ウクライナへの砲弾は、ソ連が自ら畳んだ日に仕込まれた

2022年、ロシアがウクライナへ侵攻した。冷戦後の欧州が経験したことのない大規模な戦争——原因は指導者の判断に求められがちだ。間違いではない。だが因果を三十年さかのぼると、その遠い起点は、ロシア自身がかつて手放したものに行き着く。
一九九一年の、ソ連の崩壊である。
一手目、ソ連が解体すると、その傘の下にいた東欧諸国は安全保障の後ろ盾を一夜にして失った。長らく東西を分けた冷戦の均衡が消え、力の空白が生まれたのだ。よりどころを求めた国々は、西側の集団防衛体制——NATOへの加盟を望む。こうしてNATOの東方拡大(1999年)が始まった。二手目、ポーランドやバルト三国など旧東側の国々が次々と加盟し、かつての最前線がじわりとロシアの国境へ近づいていく。

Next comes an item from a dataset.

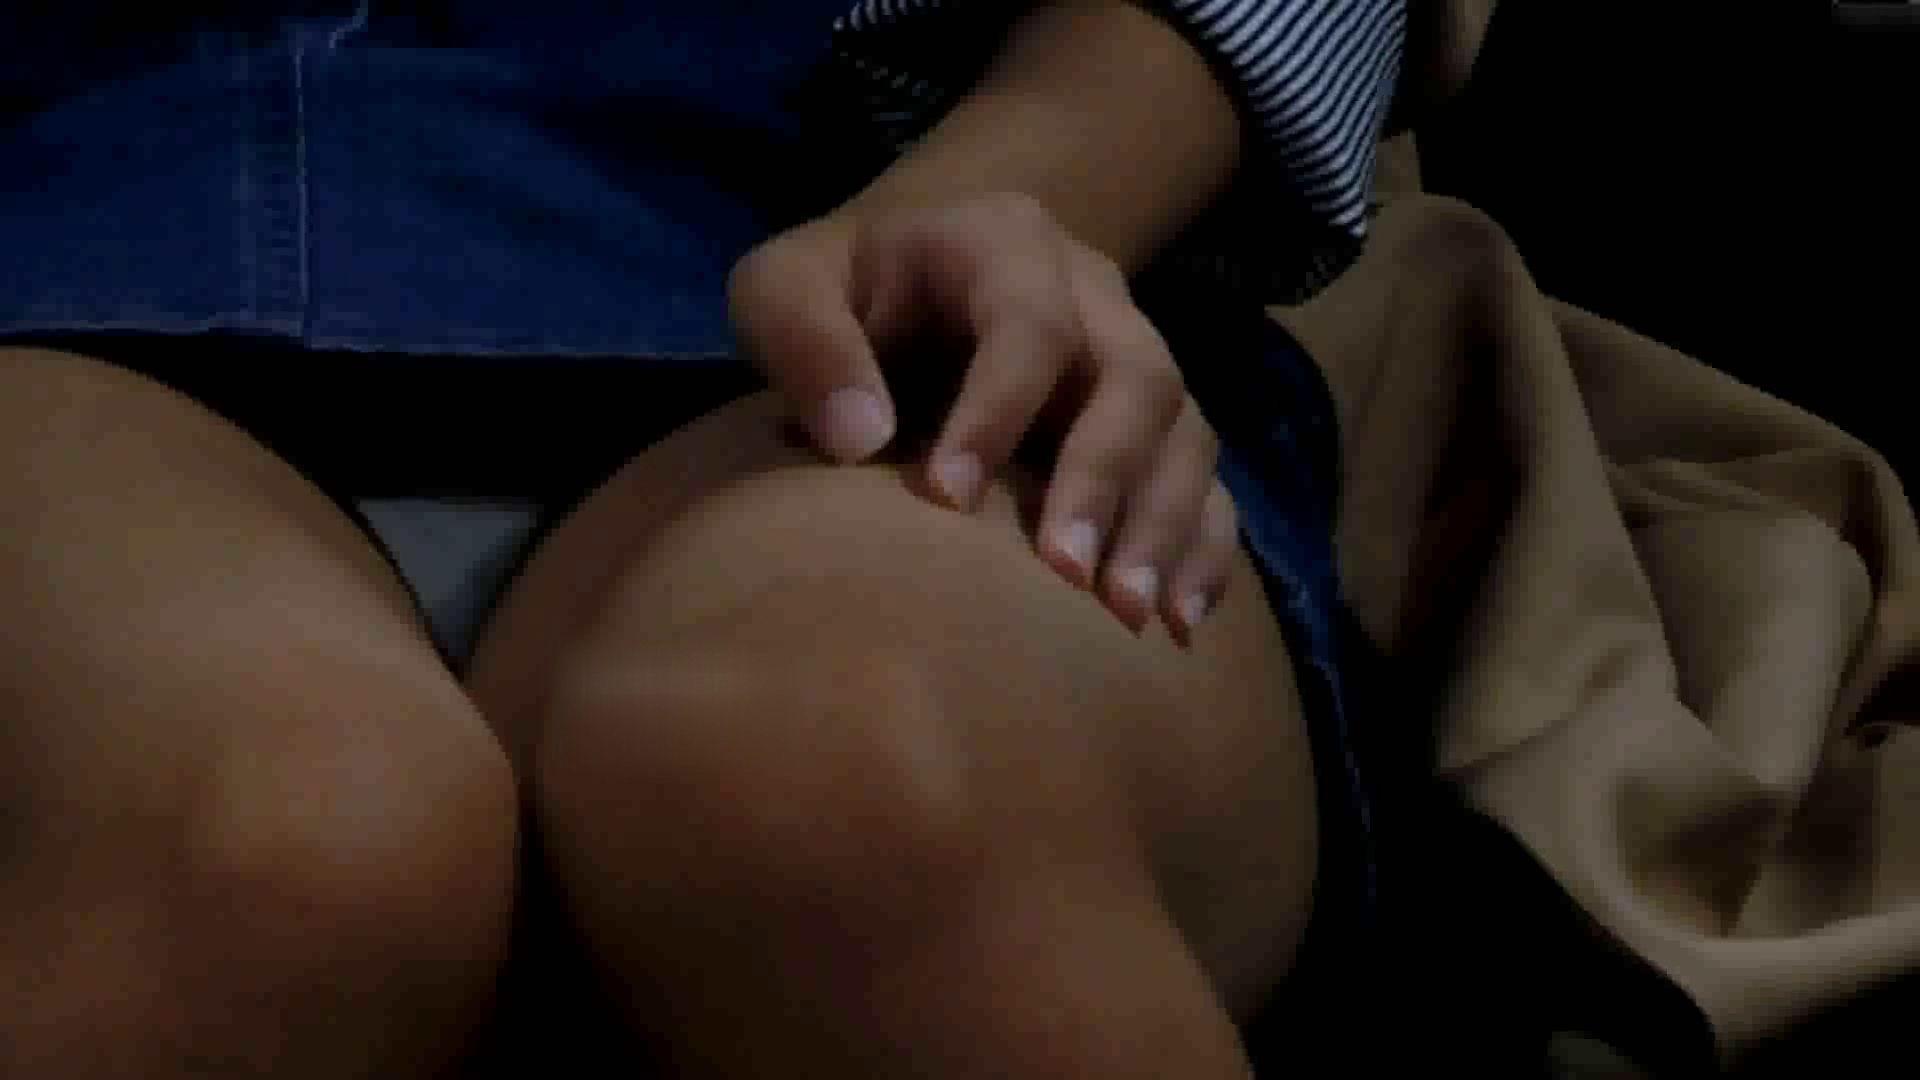 無修正エロ動画|真剣に買い物中のgal達を上から下から狙います。vol.12|大奥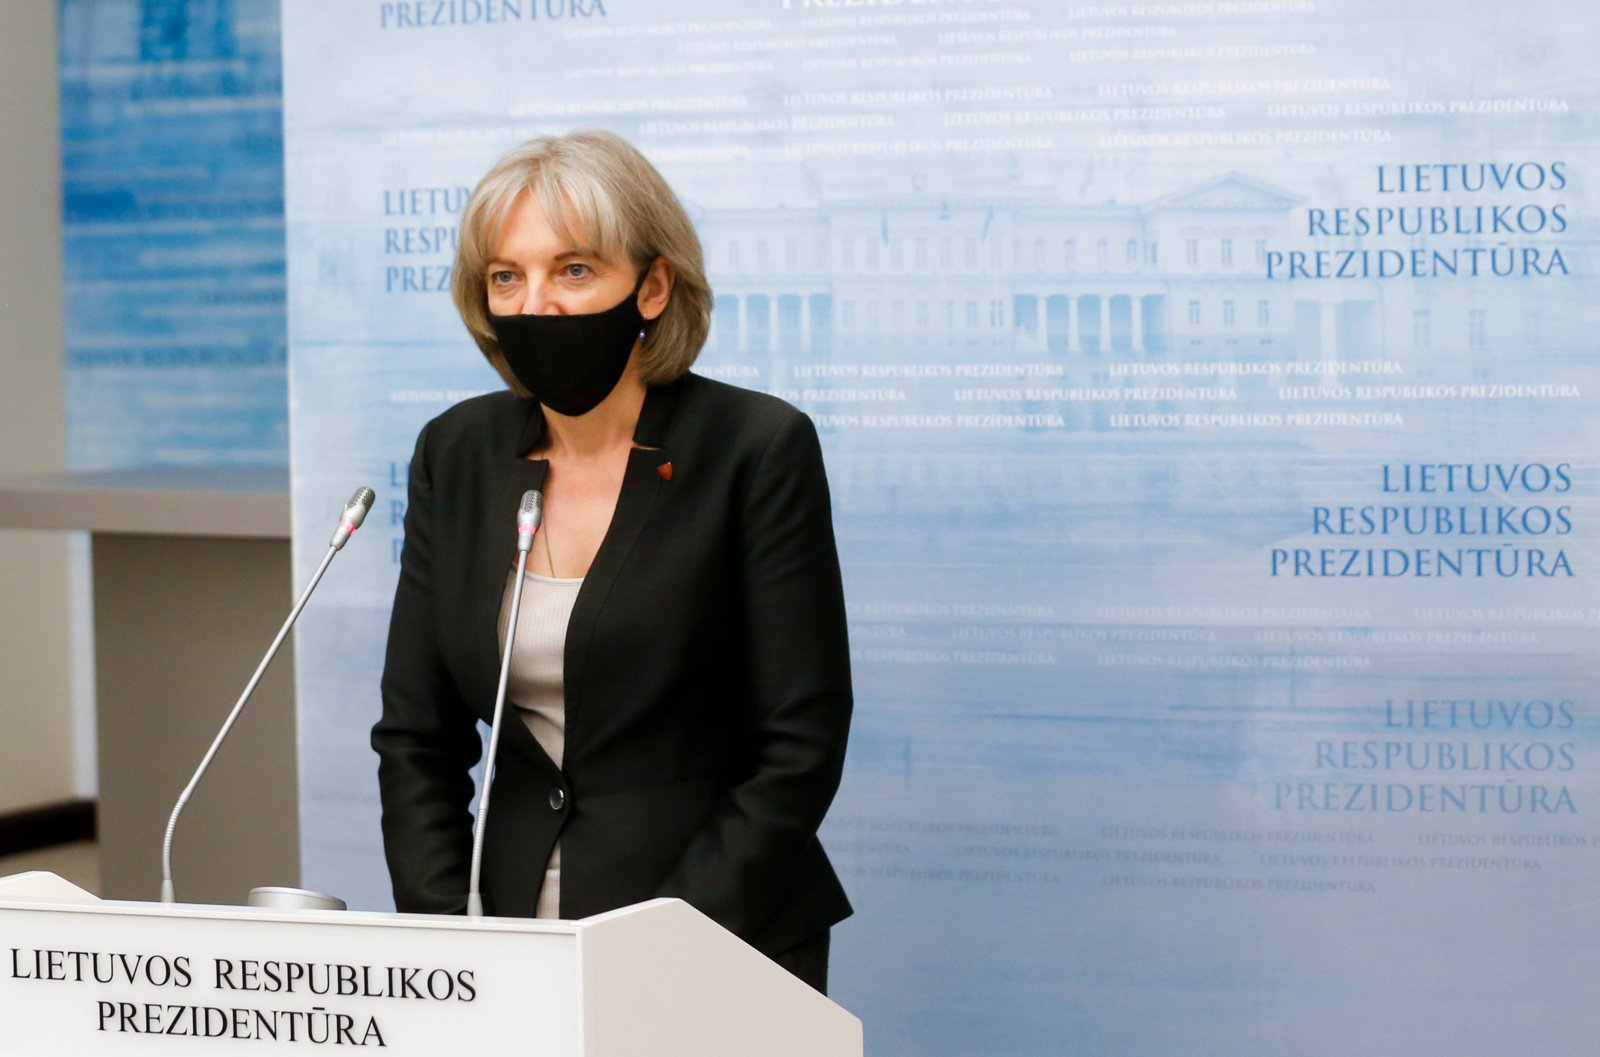 Prezidentūra apie incidentą Baltarusijos pasienyje: tai provokuojamas elgesys, galima bus galvoti apie atsako veiksmus

この安全保障環境の変化がロシアの警戒感を積み上げ、隣国ウクライナのNATO接近を、軍事介入の口実とする土壌を用意した。そして2022年、砲声が上がる。崩壊→拡大→侵攻。二手、三十一年の将棋倒しだ。
データで裏を取ろう。因果絵巻から「ソ連の崩壊」を抜くと、消える出来事はわずか3件。NATOの東方拡大も、ロシアのクリミア併合も、そしてウクライナ侵攻も——この一本の糸の上に並んでいたものが、まとめて消える。揺らぐ出来事は8件。数は少ない。だが少ないからこそ、因果の筋が一本、くっきりと見える。
もしソ連が解体しなかったら。東欧が後ろ盾を失うこともなく、NATOがここまで東へ広がることもなく、その拡大をめぐる緊張も、また別の形をとっていたかもしれない。
超大国が自ら旗を降ろした日、世界は「冷戦の平和な終わり」を祝った。誰もが歴史の穏やかな一区切りだと信じた。だがその同じ日に、三十年後の国境の砲火が、静かに芽を植えられていた。帝国の終わりは、次の火種の始まりでもある。歴史は、幕引きと発火を、しばしば同じページに書く。